# i fed my Ps raisens today



## tinyteeth (Mar 12, 2003)

i read somewhere that fruits and nuts are a good diet for Ps. they even liked dried bannanas as well. they eat; flake, pellets, fruits, guppies, goldfish, and beefheart. these guys eat better than i do.


----------



## FeederFish33 (Jan 22, 2003)

add some shrimp and krill to that diet. Its cheap and good for their color.


----------



## MikeR (May 29, 2003)

Do you pre-soak the dried bannanas?


----------



## Innes (Jan 13, 2003)

I am not about to do this


----------



## RhomZilla (Feb 12, 2003)

I wouldn't either. Honestly, if I dont know how or what a prduct is made out of before they sell it in the markets and packed up, I usually pass up on it.


----------



## Skellon (May 18, 2003)

Yep, Id be cautious too


----------



## SERRAPYGO (Feb 4, 2003)

tinyteeth said:


> i read somewhere that fruits and nuts are a good diet for Ps. they even liked dried bannanas as well. they eat; flake, pellets, fruits, guppies, goldfish, and beefheart. these guys eat better than i do.

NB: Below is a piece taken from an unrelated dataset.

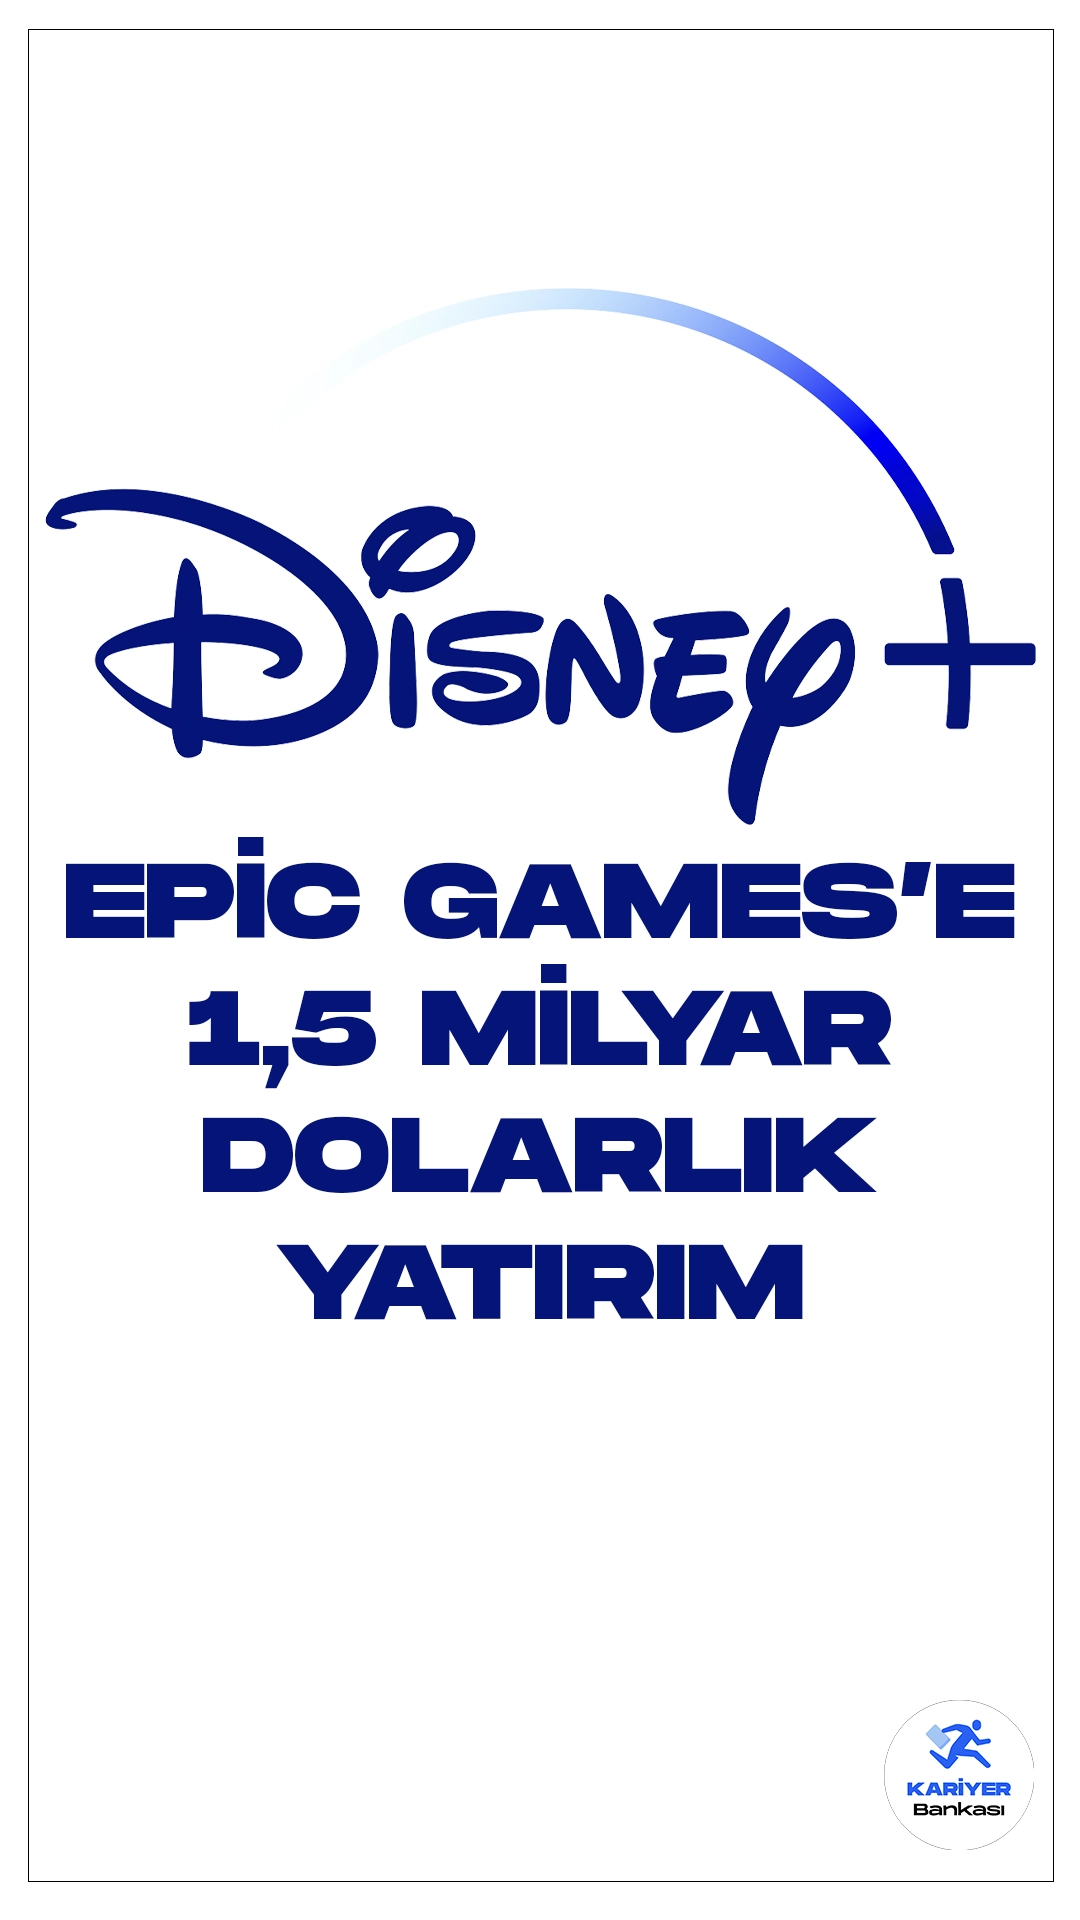 Disney'den Epic Games'e 1,5 Milyar Dolarlık Yatırım.Disney, dev eğlence şirketi, Epic Games'e devasa bir yatırım yapmayı planlıyor: 1,5 milyar dolarlık hisse satın alacaklarını duyurdu. Bu anlaşma, Disney'in oyun alanındaki varlığını güçlendirecek ve yeni bir oyun ve eğlence evreni yaratmak için Epic Games ile işbirliği yapacaklarını ifade ediyor.

 Your intentions are good but, dried bananas have hydrogenated oils. Otherwise I don't see %100 fruit hurting them as long as it's not a main staple.


----------



## SnowCichlid (Jan 10, 2003)

Innes said:


> I am not about to do this


 Innes only like meat eh

but anyways piranhas are scavengers in the wild, they will eat nuts and fruit if you do a little research on their natural diet in the wild. During the rainy periods when water levels rise and flood towards trees, nuts and seeds will fall as well as fruit. Piranhas will eat this as well. They are not too fusy and will take what they get


----------